With the pictures left out, retype exactly the lines below starting at the line that contains "How to Decorating" and ending at the line that contains "Vince Camuto \N".

PROVIDED RECORDS:
[Start of section]

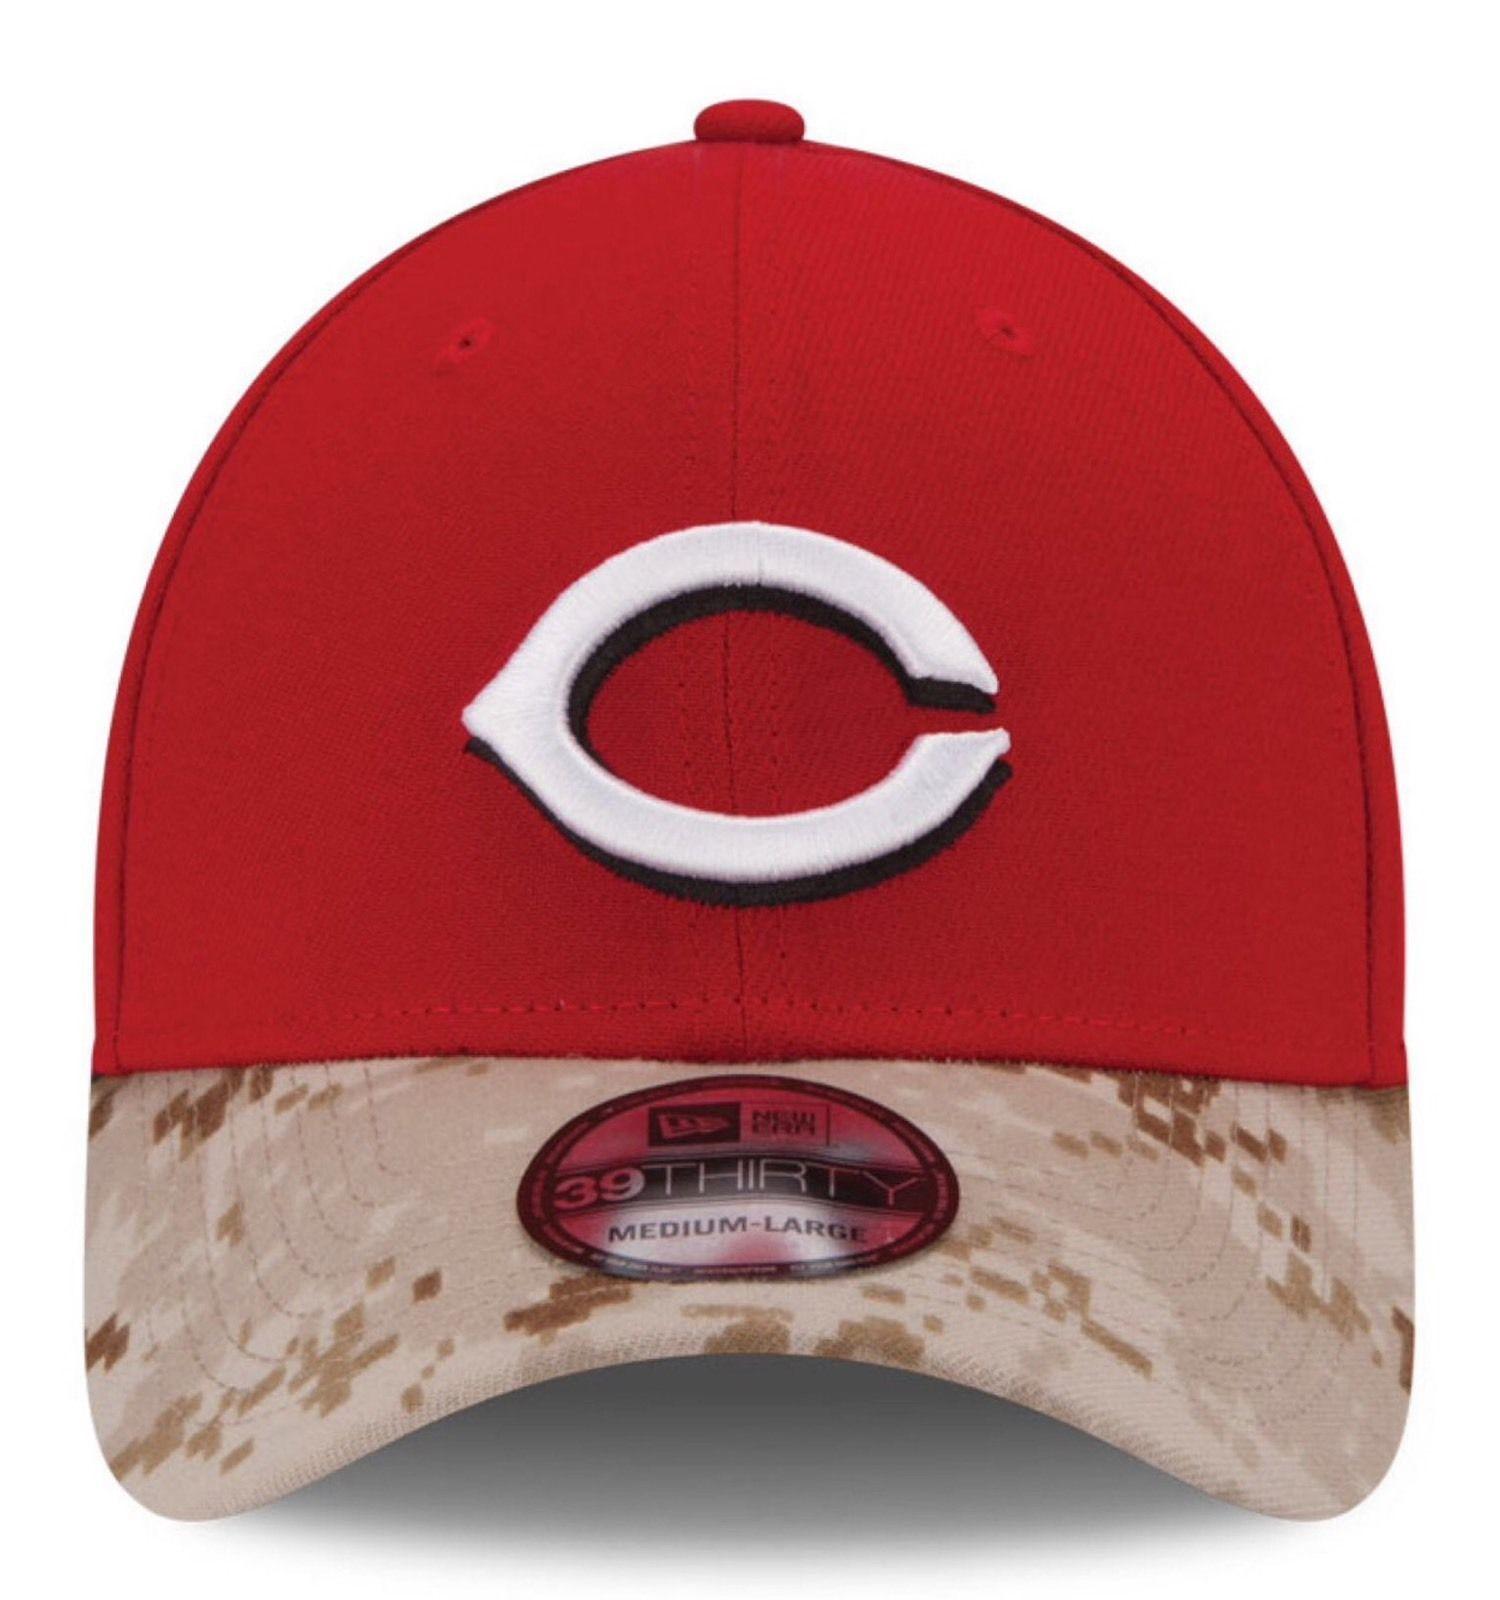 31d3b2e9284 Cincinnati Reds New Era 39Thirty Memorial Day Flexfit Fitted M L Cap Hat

[End of section]
[Start of section]

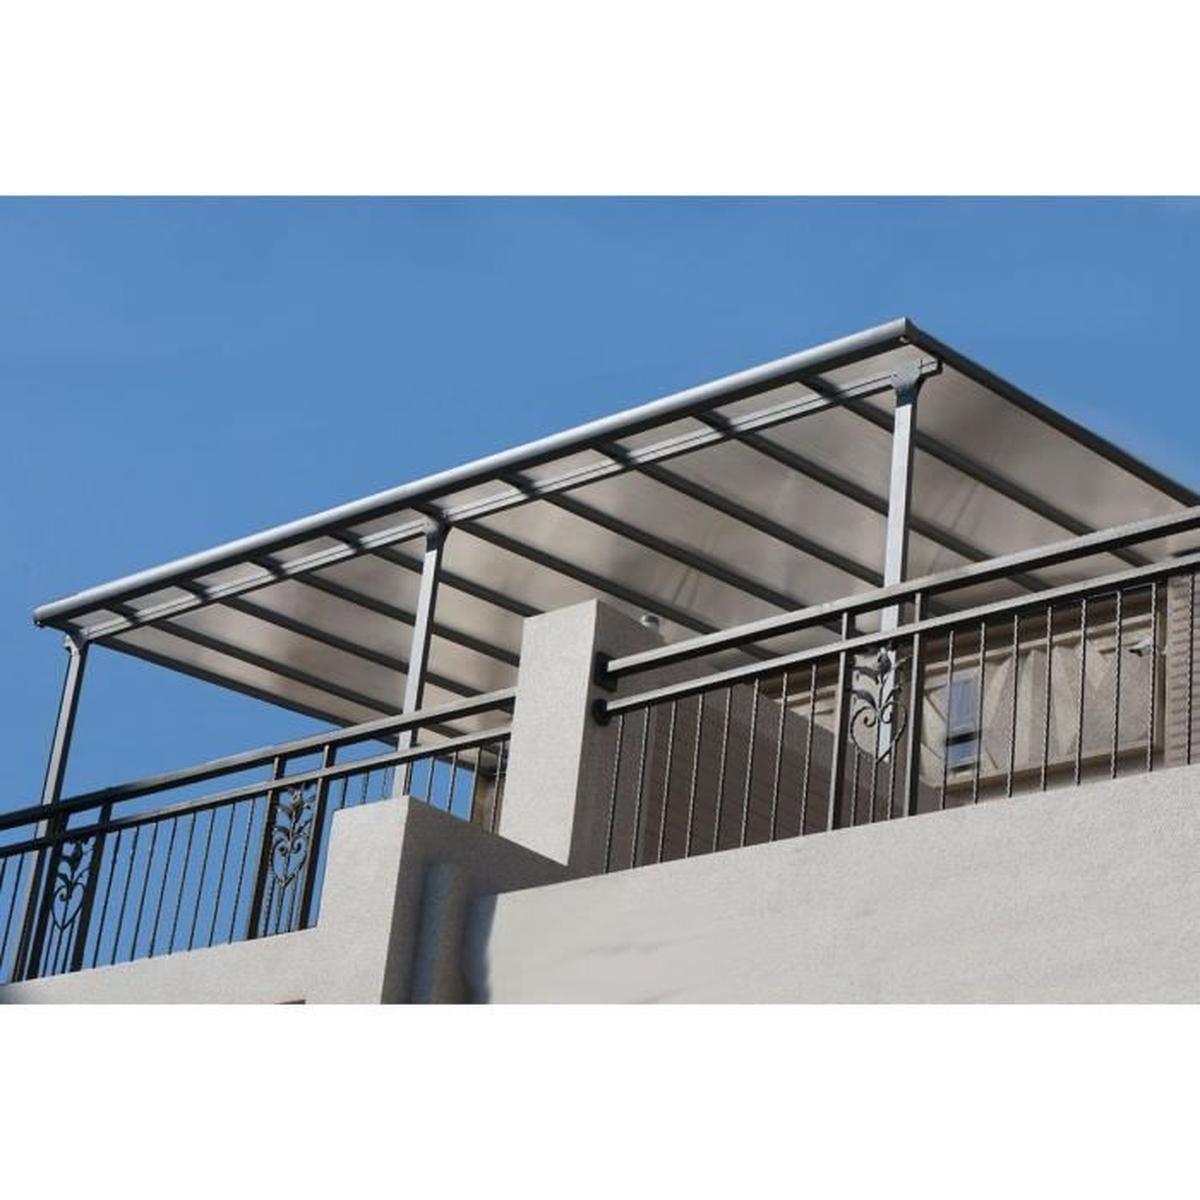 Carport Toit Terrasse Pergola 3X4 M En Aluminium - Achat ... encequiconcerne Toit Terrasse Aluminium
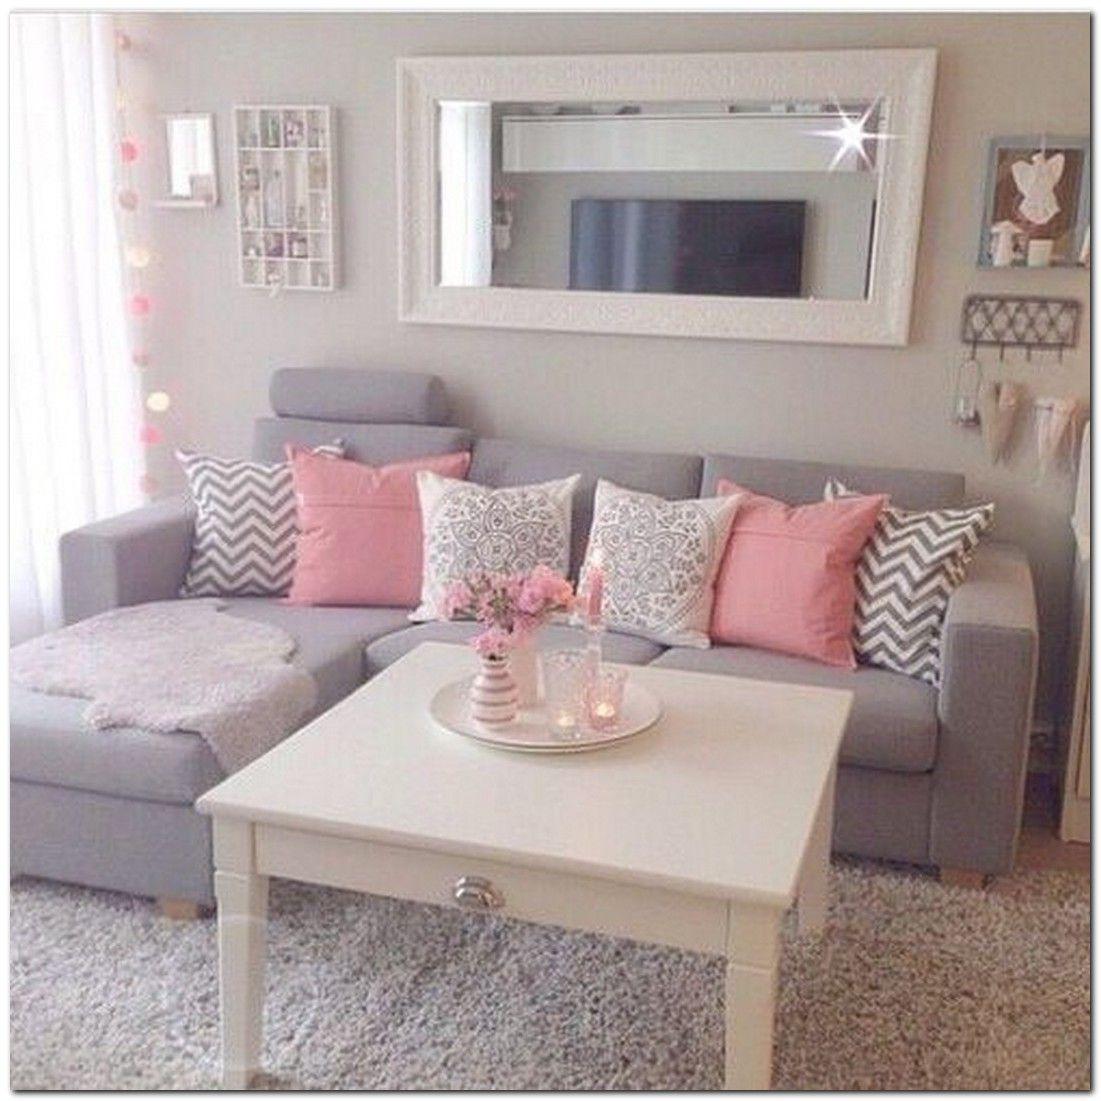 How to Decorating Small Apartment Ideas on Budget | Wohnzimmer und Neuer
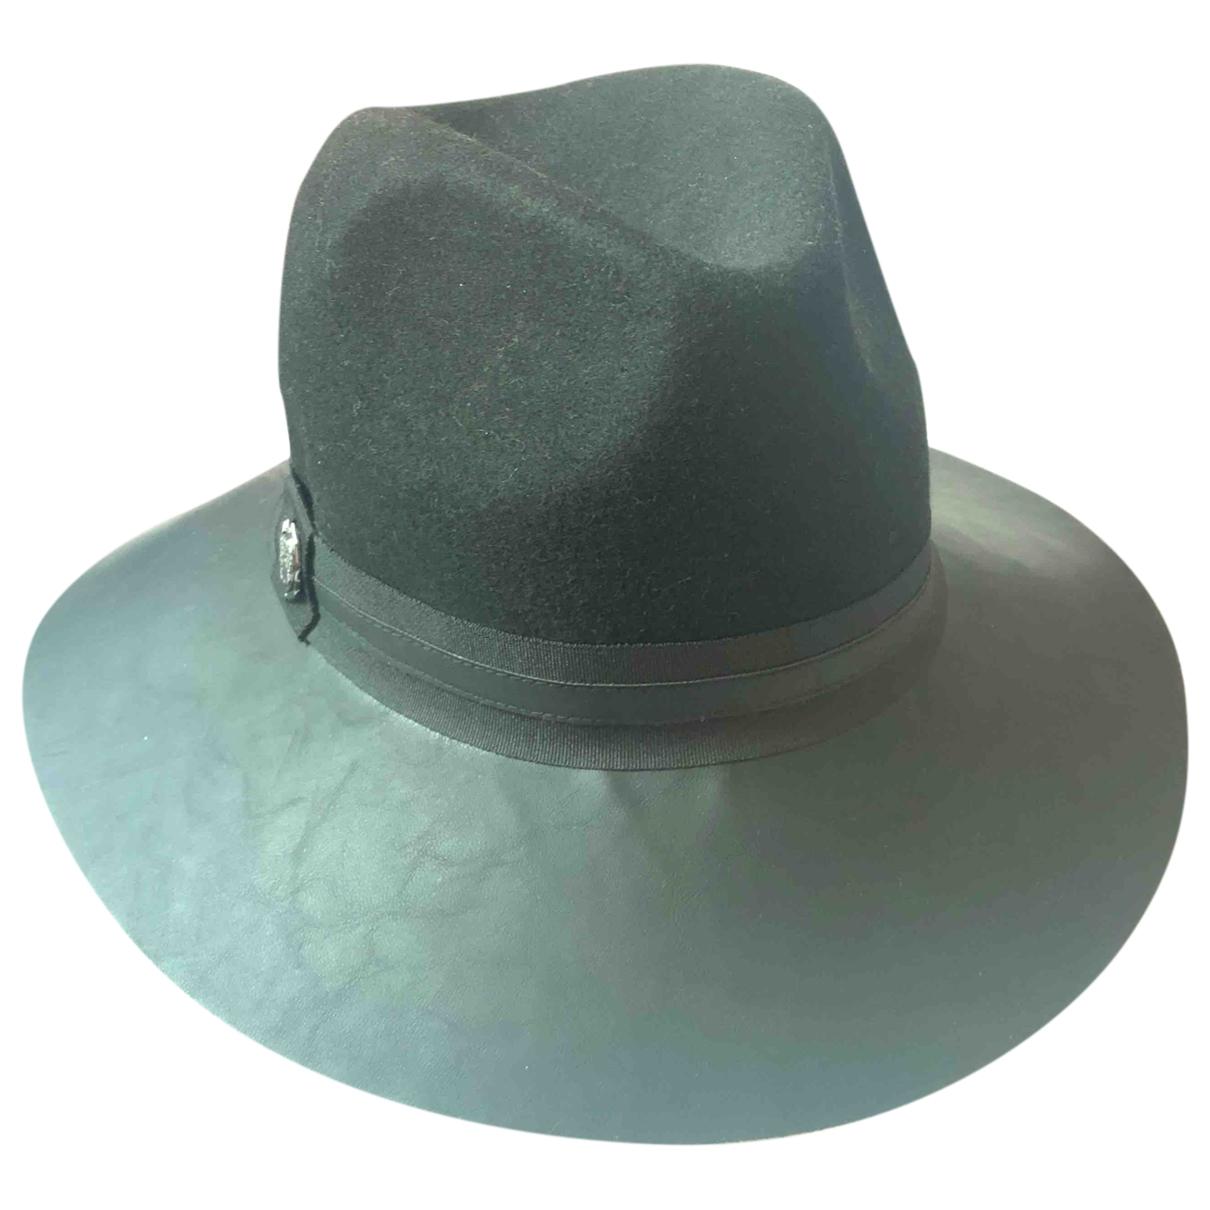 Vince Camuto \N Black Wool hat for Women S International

[End of section]

ANSWER TO THE EXERCISE:
 How to Decorating Small Apartment Ideas on Budget | Wohnzimmer und Neuer
 Vince Camuto \N Black Wool hat for Women S International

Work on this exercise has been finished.